West of the Pecos Page 4
Lambeth camped at Menardsville for a week, resting, buying supplies, mending harnesses, gaining information. When he left there he had both wagons loaded to capacity—a fine haul for Comanches, Bartlett averred.
Terrill still occupied the smaller canvas-covered wagon, but she had less room and comfort. She had ceased to suffer from sun and wind, and had become hard and strong. She did not lose weight because she was growing all the time. Increased height and a widening of her frame favored her disguise. Often she gazed in rueful wonder at her hands, still shapely, but hardening from work, growing callous of palm and a deep gold tan on the back. At intervals she cut her rebellious curly locks, though never very short. And she was troubled at the thinning of her cheeks and coarsening of her skin, which she had once desired; at the look in the dark blue eyes which watched her gravely from the little mirror.

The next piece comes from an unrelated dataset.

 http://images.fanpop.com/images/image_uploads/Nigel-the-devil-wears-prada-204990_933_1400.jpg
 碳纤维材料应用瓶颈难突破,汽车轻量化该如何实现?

West of Menardsville the road Lambeth chose to travel headed northwest over an increasingly difficult country, barren and fertile in patches. Settlers had drifted into this region, and a few ranches established before the war were accumulating more cattle than they took the trouble to brand.

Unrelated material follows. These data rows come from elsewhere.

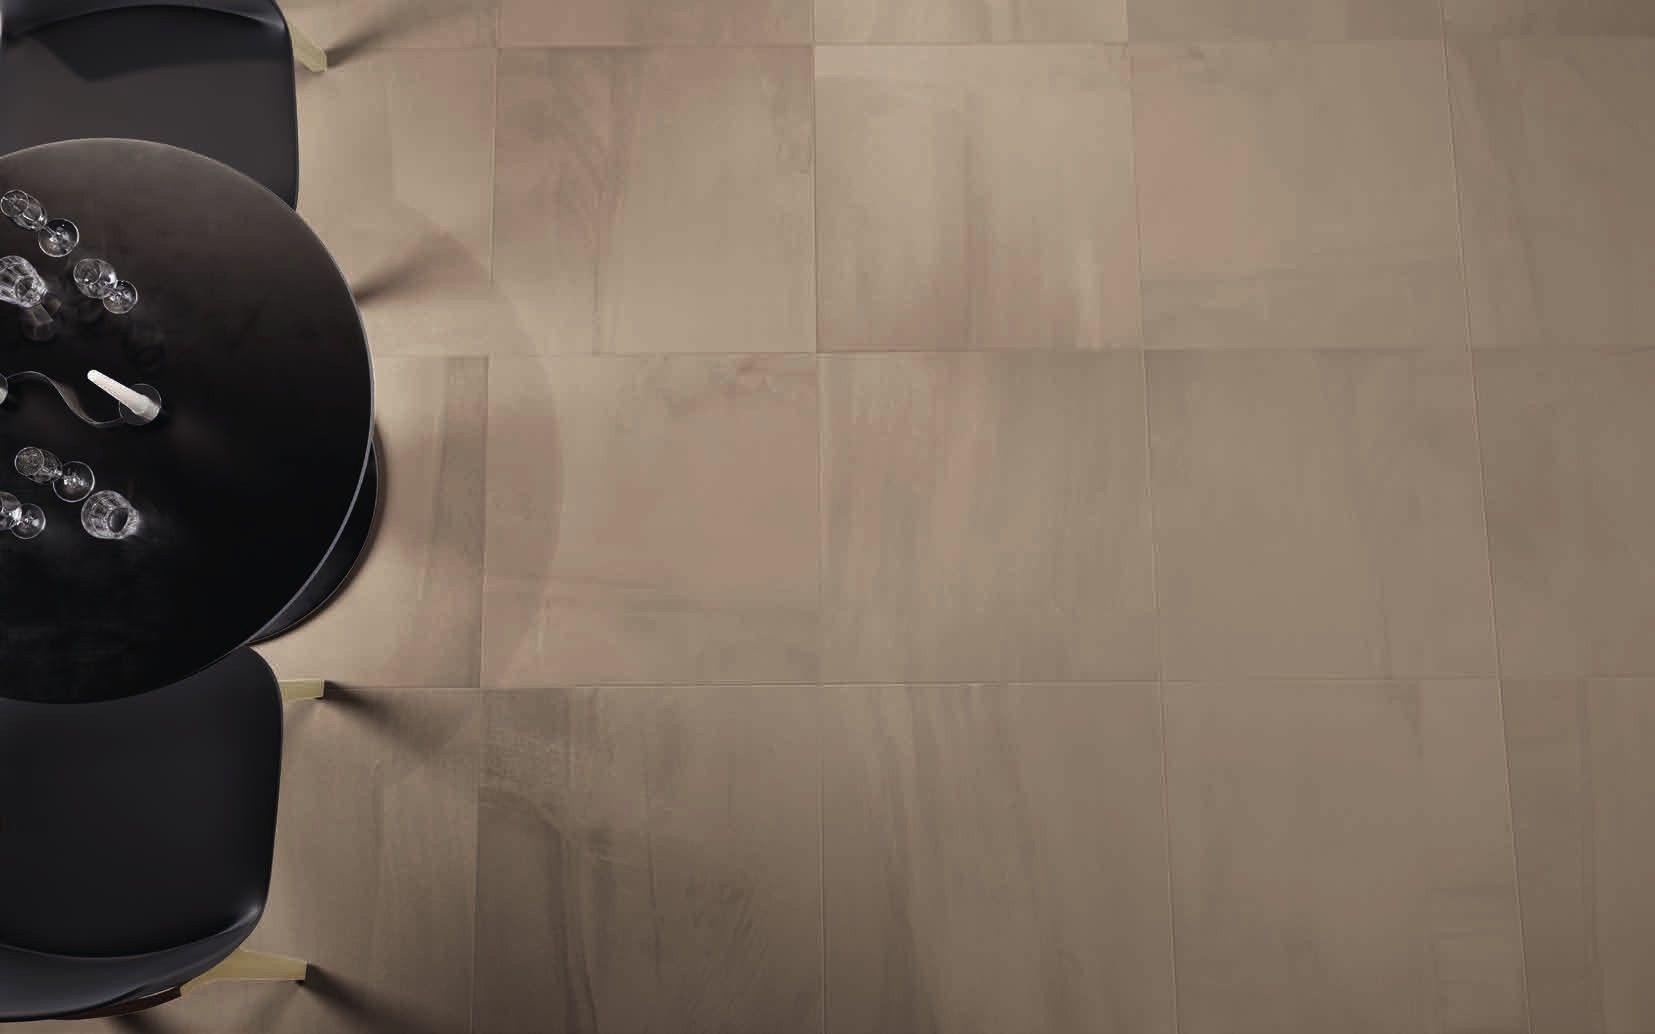 Fußboden Im Yours ~ Die dusche ein loch im boden picture of hotel lungomare
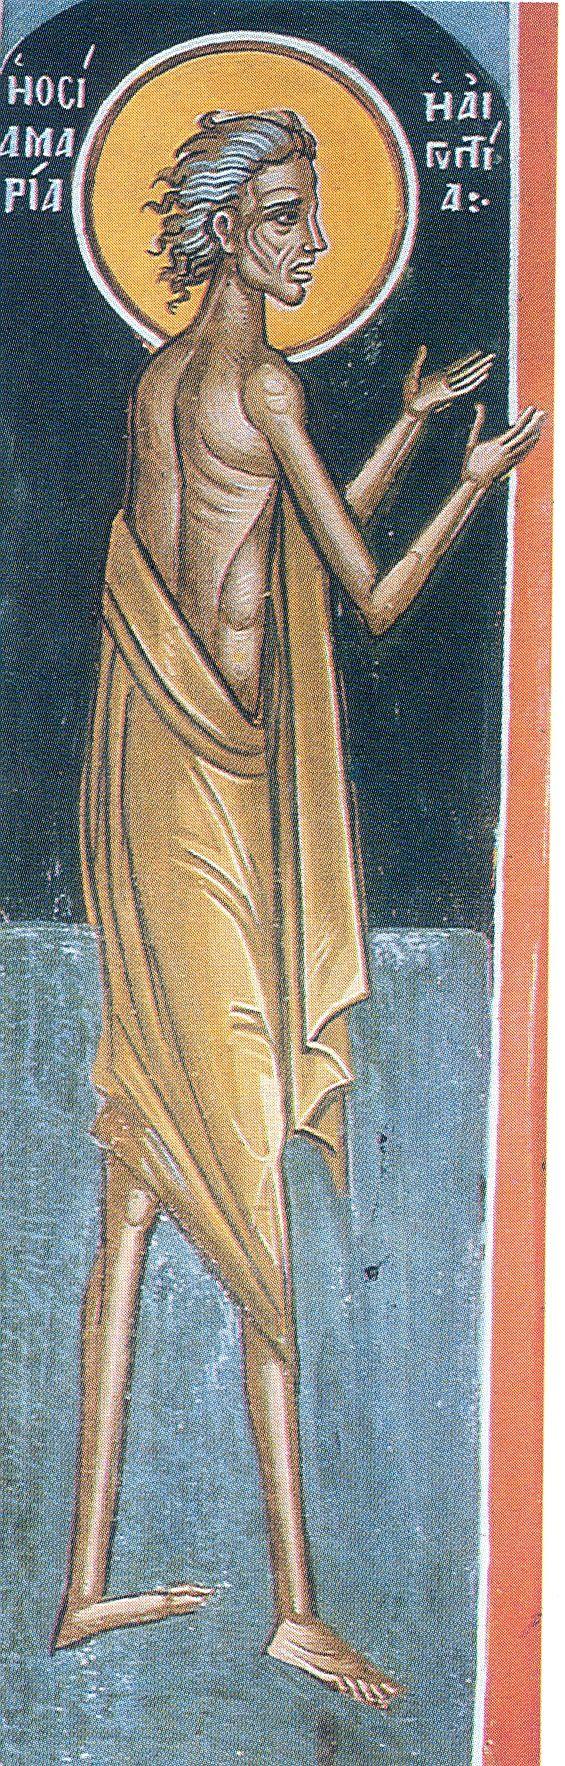 Η Οσία Μαρία η Αιγυπτία και η εγγύηση της μετάνοιας.
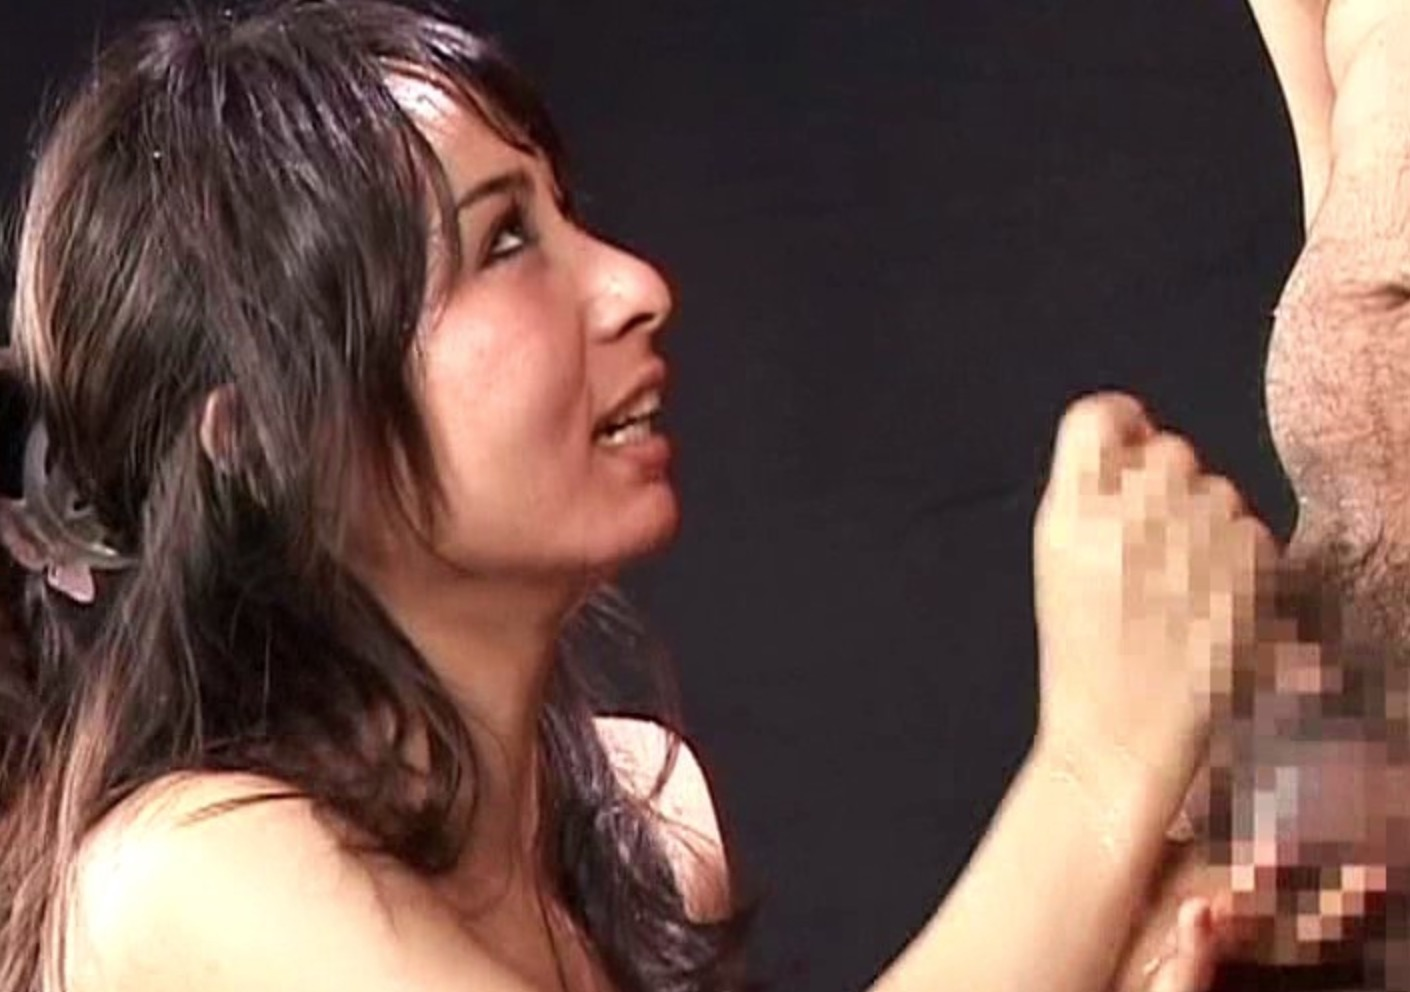 手コキをしている女性

Lambeth decided to buy cattle enough to make the nucleus of a herd. Wakefield, a rancher who did not know how many long-horn cattle he owned, sold Lambeth what he wanted at his own price, and to boot lent him a couple of vaqueros. He advised against the Pecos country. “Best of cattle ranges,” he said; “but wild, hard, an’ lonely, shore to be a hotbed of rustlers some day.”

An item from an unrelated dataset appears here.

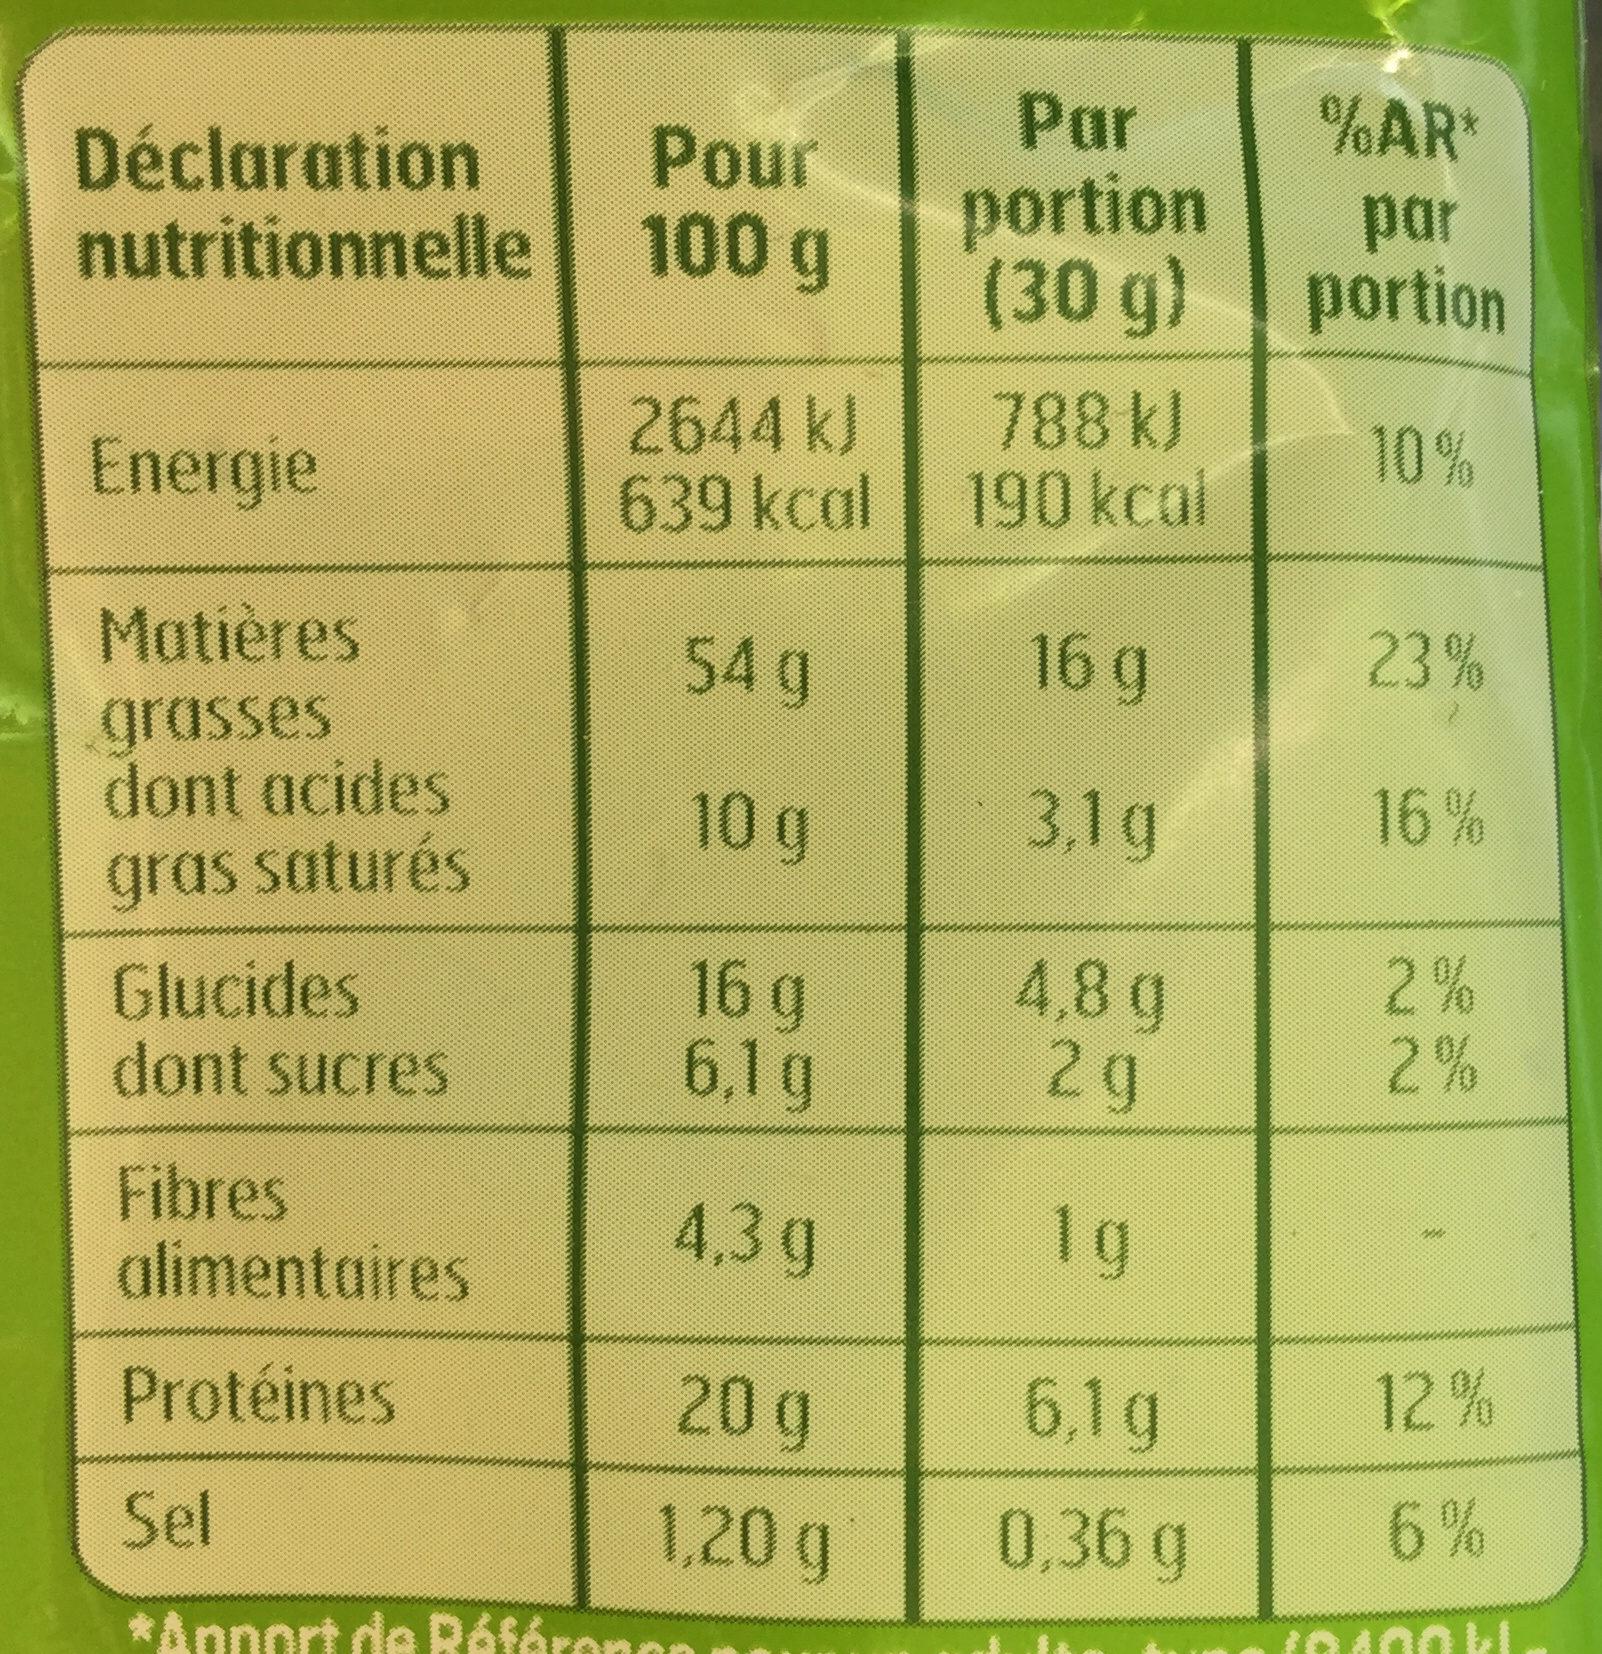 Pistaches grillées à sec - Informations nutritionnelles - fr

Terrill sustained a peculiar feeling at her first close sight of a Texas long-horn steer. The enormously wide-spreading, bow-shaped horns had inspired the name of this Mexican breed, and they quite dwarfed the other characteristics of the animal. Terrill was destined to learn the true nature of this famous Texas stock. All in a single day she became a vaquero.
At every ranch Lambeth added to his herd; and after every night stand some of them eluded the guards and departed for home. Nevertheless, the herd grew, and the labors of driving a number of long-horns increased in proportion. Necessarily this slowed down their daily travel to less than a fourth of what it had been.
The end of August found Lambeth’s wagon train and cattle drive encroaching upon the bad lands of west Texas. They rimmed the southern edge of L’lano Estacado, a treeless, waterless, sandy region faintly and fascinatingly indicative of its impassable and destructive nature.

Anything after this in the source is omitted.